*EXTRACTED INFORMATION*.
_____
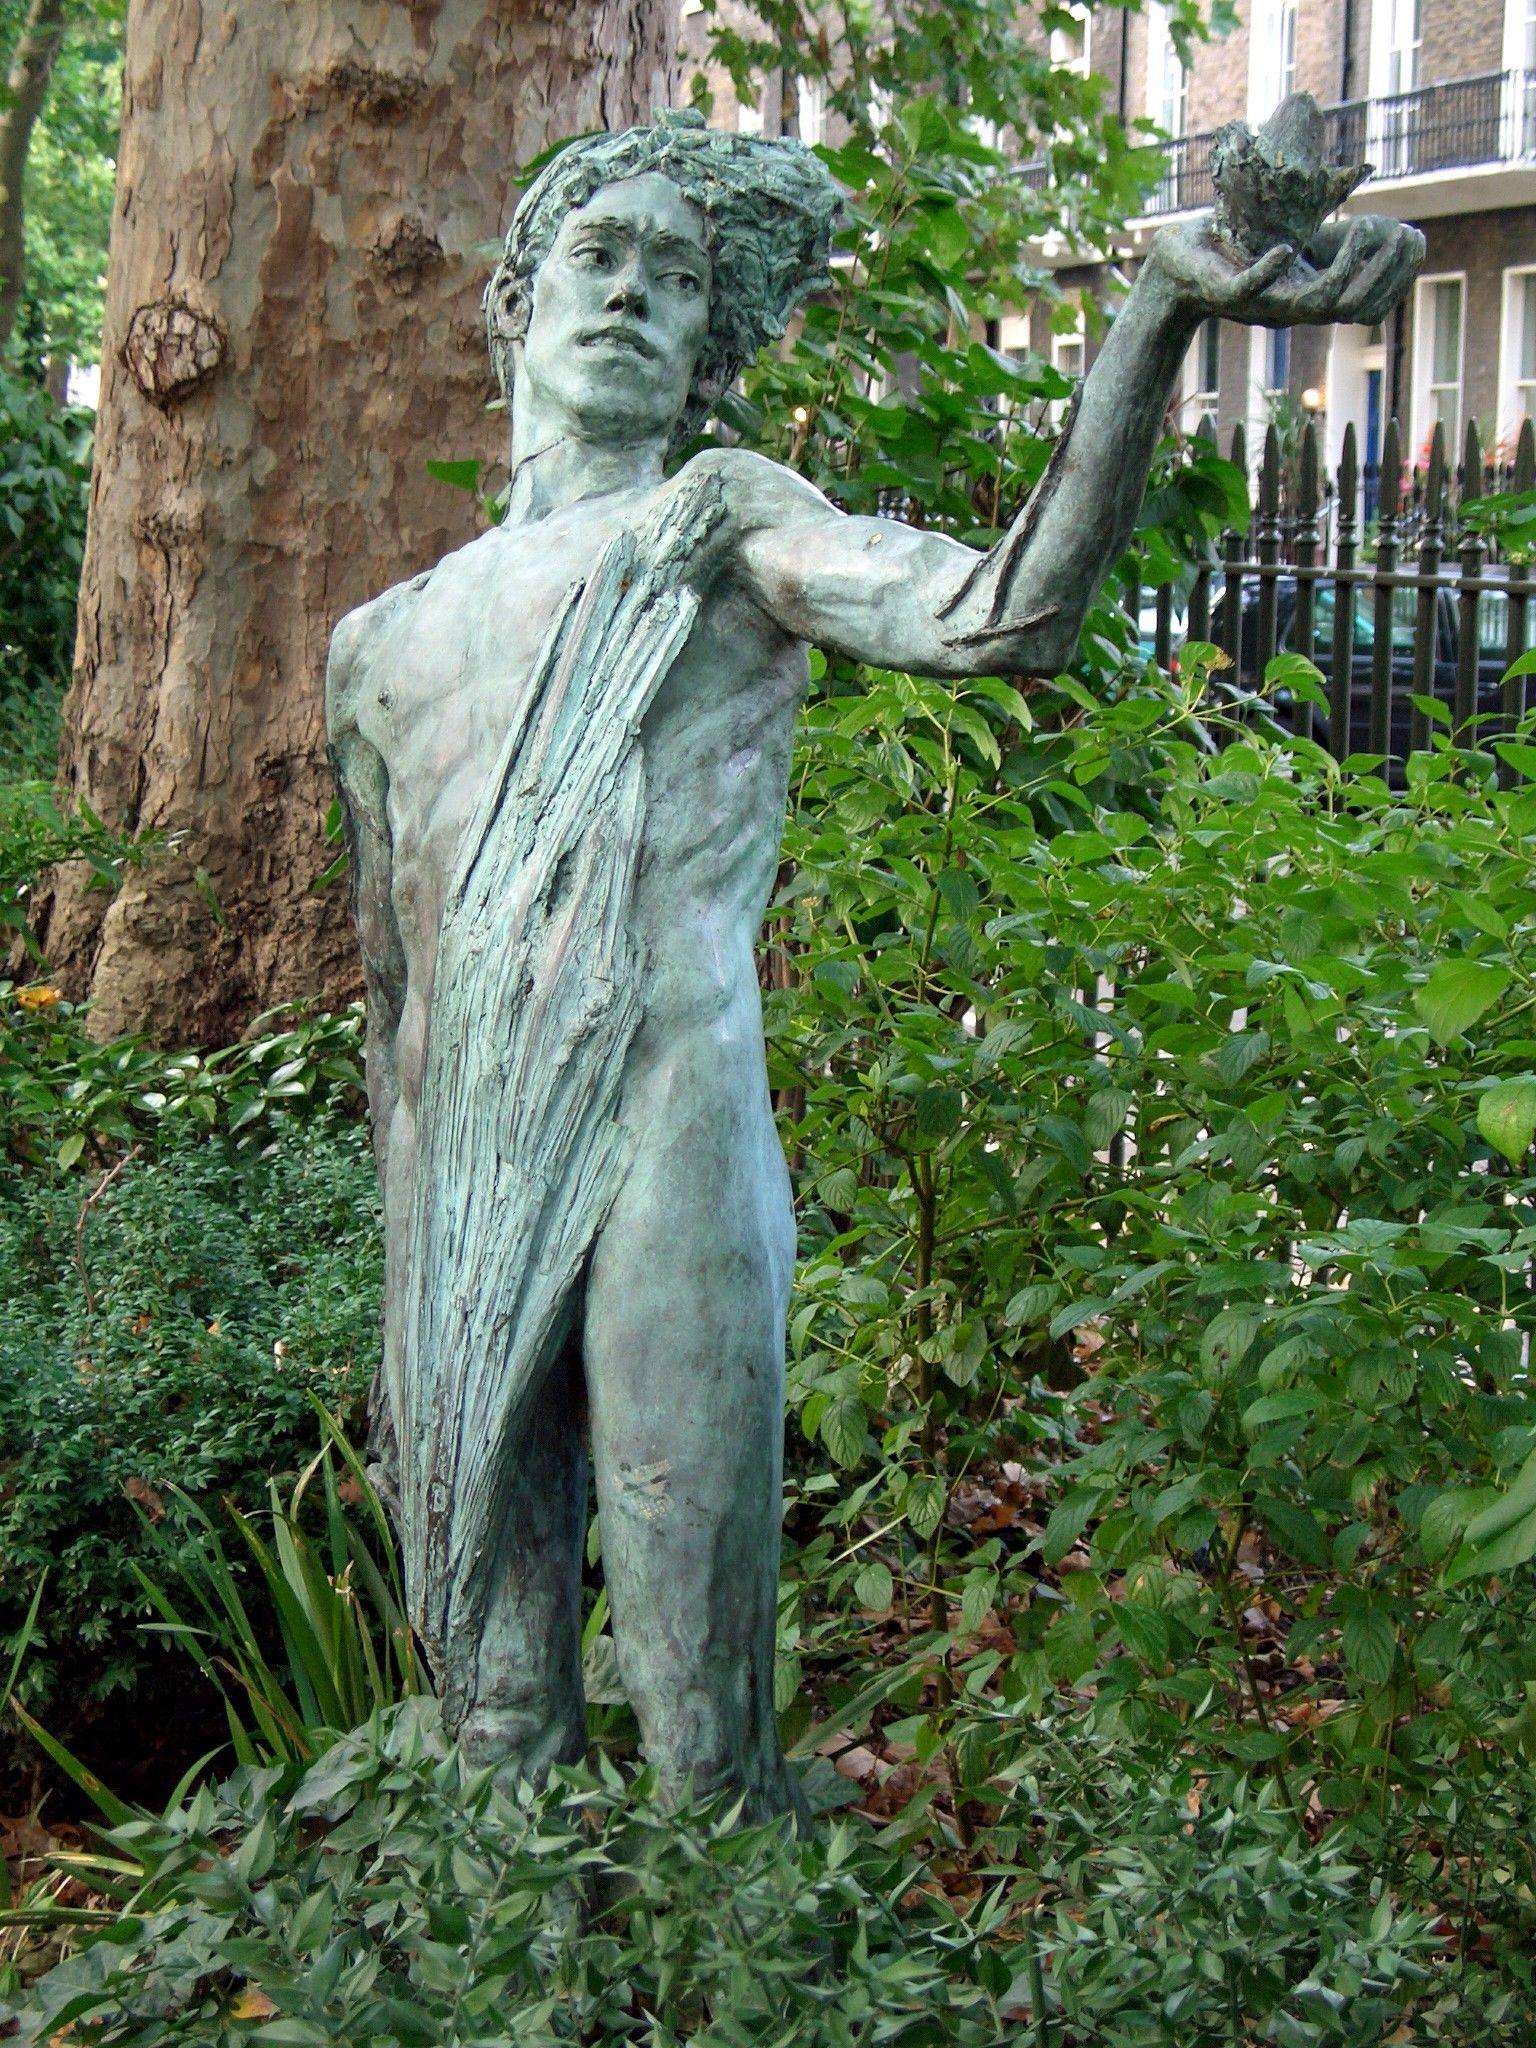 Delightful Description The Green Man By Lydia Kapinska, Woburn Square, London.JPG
_____
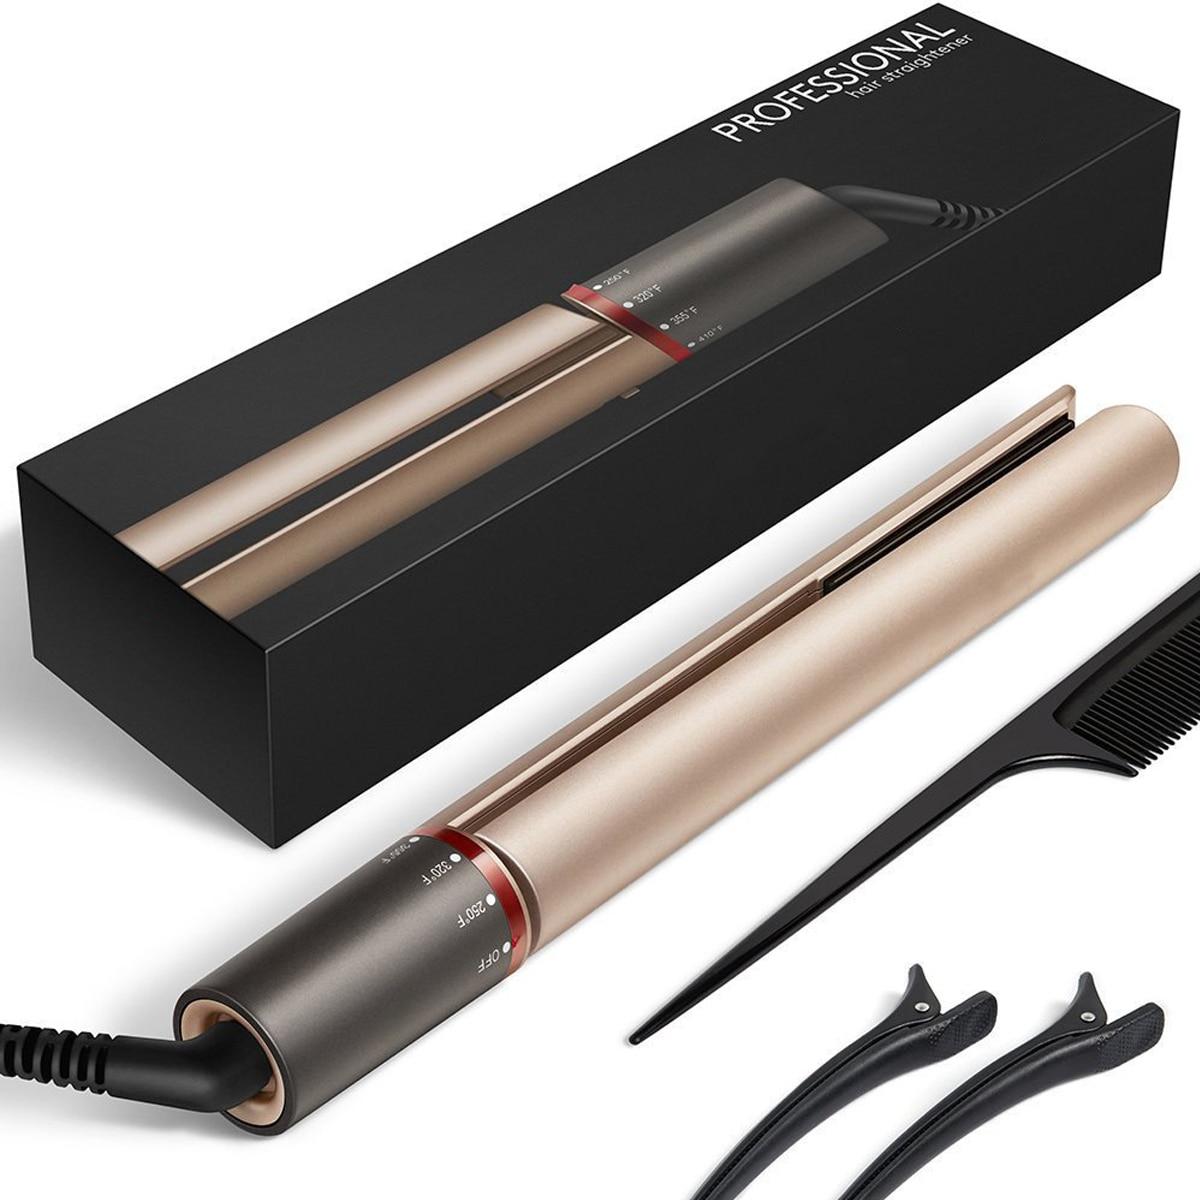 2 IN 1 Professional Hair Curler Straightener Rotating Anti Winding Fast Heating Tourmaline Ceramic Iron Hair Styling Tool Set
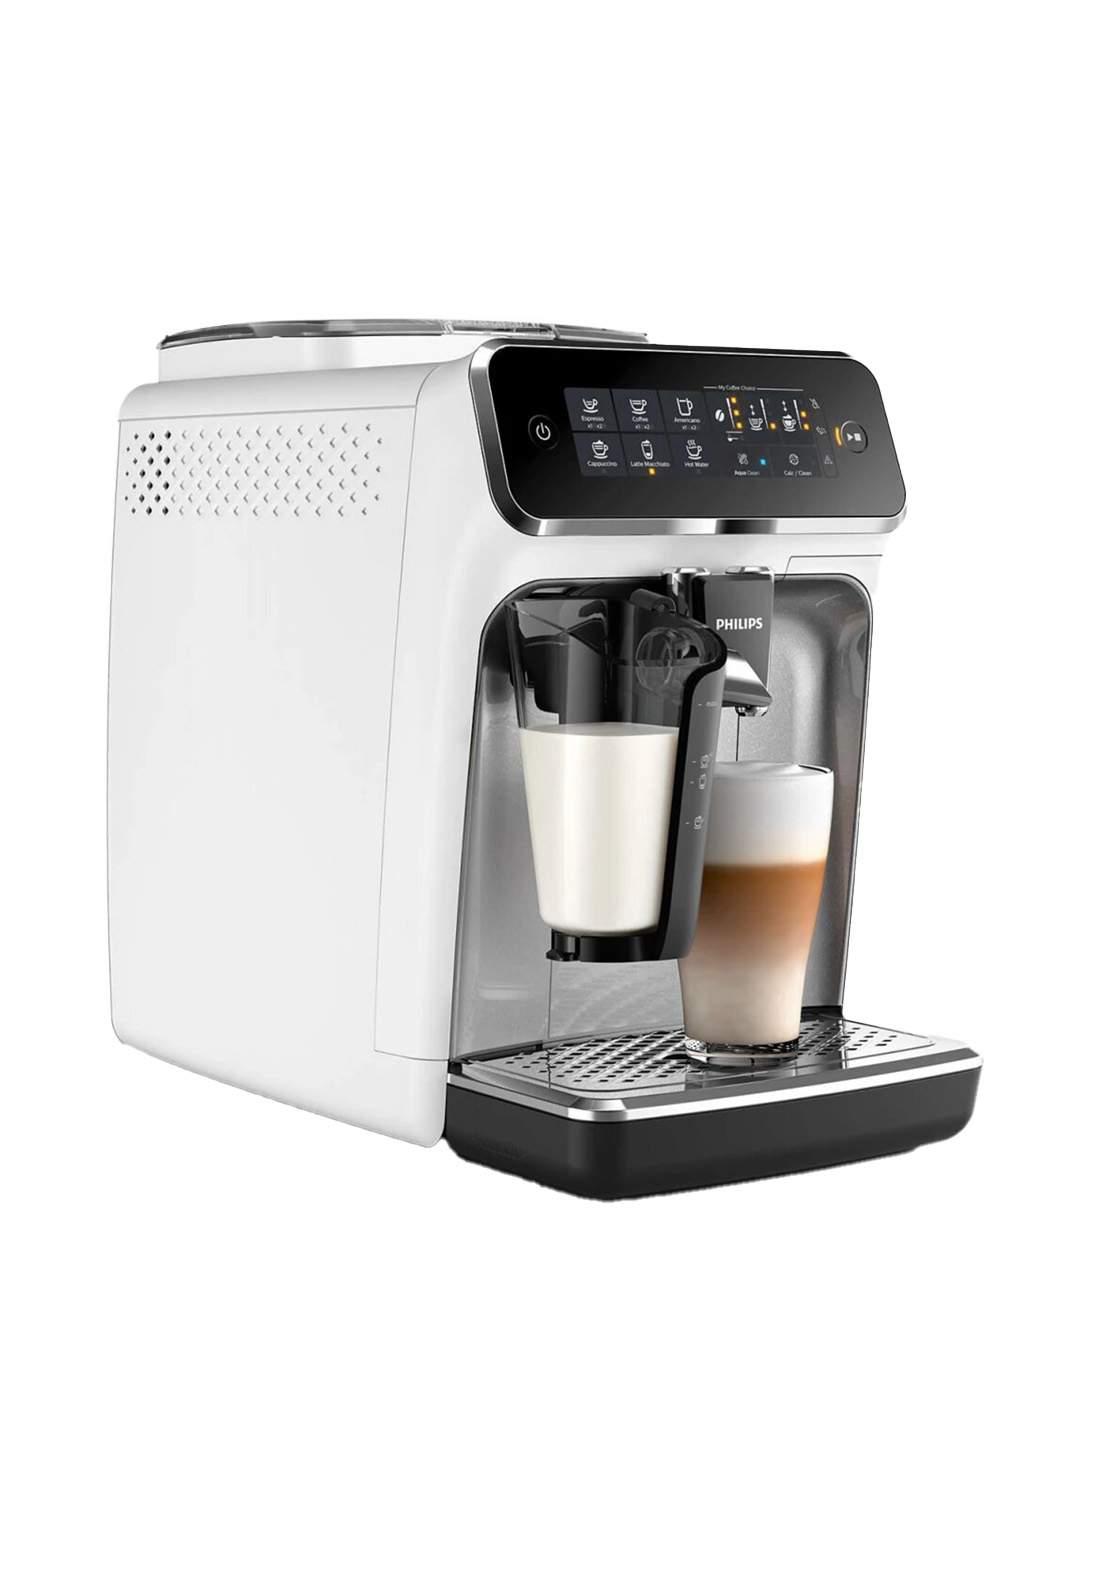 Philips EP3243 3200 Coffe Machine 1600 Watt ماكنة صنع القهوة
_____
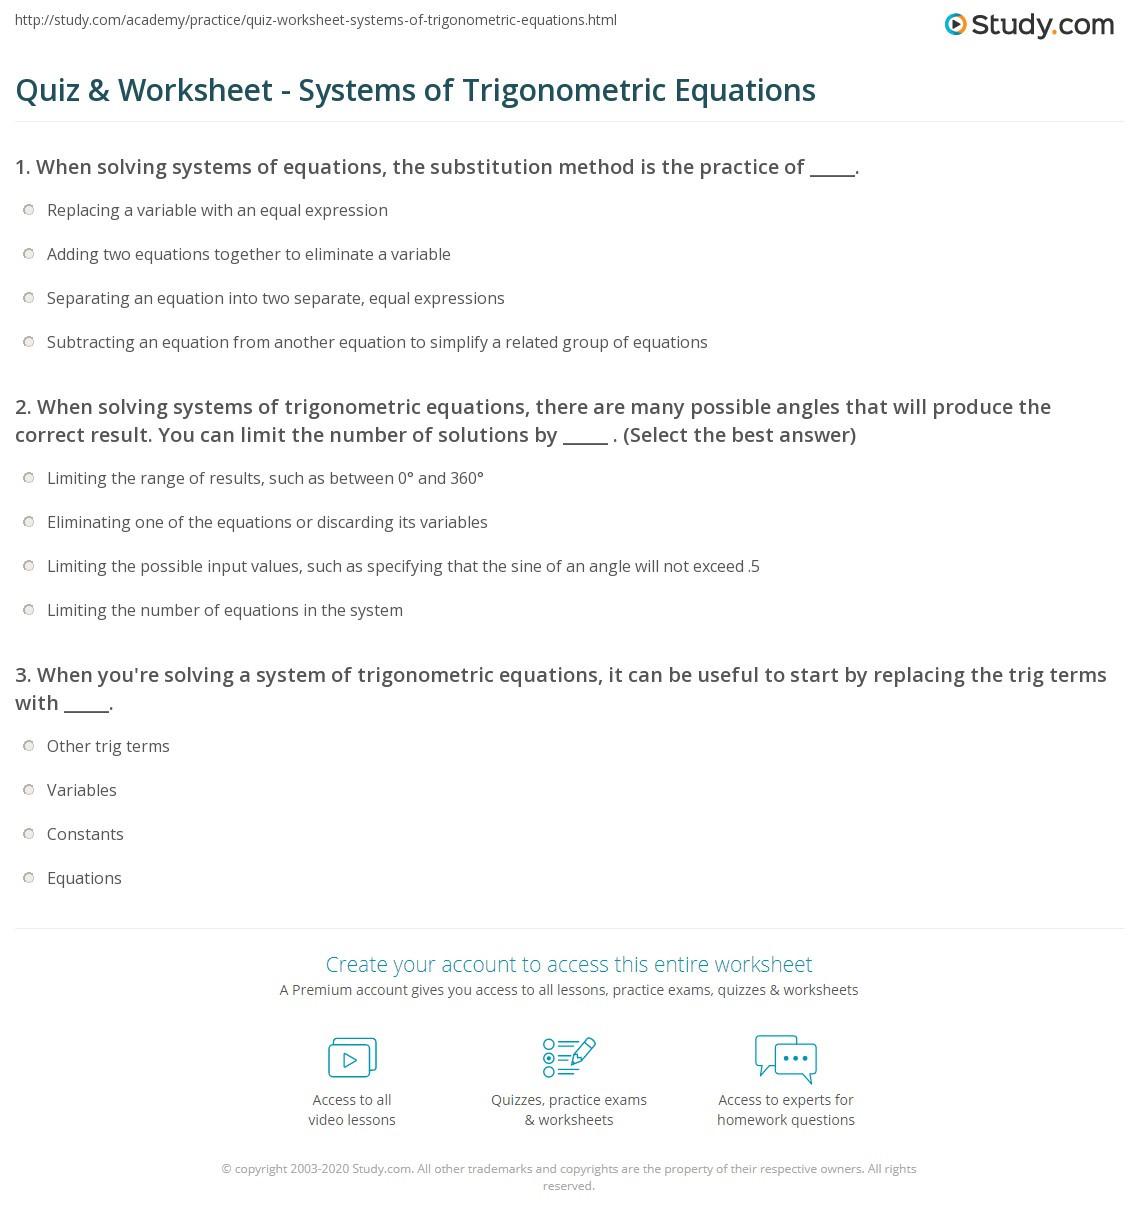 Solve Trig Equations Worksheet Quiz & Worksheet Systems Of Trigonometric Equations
_____
*WHAT YOU SHOULD DO*. From the records above, transcribe only the stretch from the line with "2 IN 1 Professional" through the line with "Philips EP3243 3200", keeping both ends. Omit pictures.

*COMPLETED TASK*.
 2 IN 1 Professional Hair Curler Straightener Rotating Anti Winding Fast Heating Tourmaline Ceramic Iron Hair Styling Tool Set
 Philips EP3243 3200 Coffe Machine 1600 Watt ماكنة صنع القهوة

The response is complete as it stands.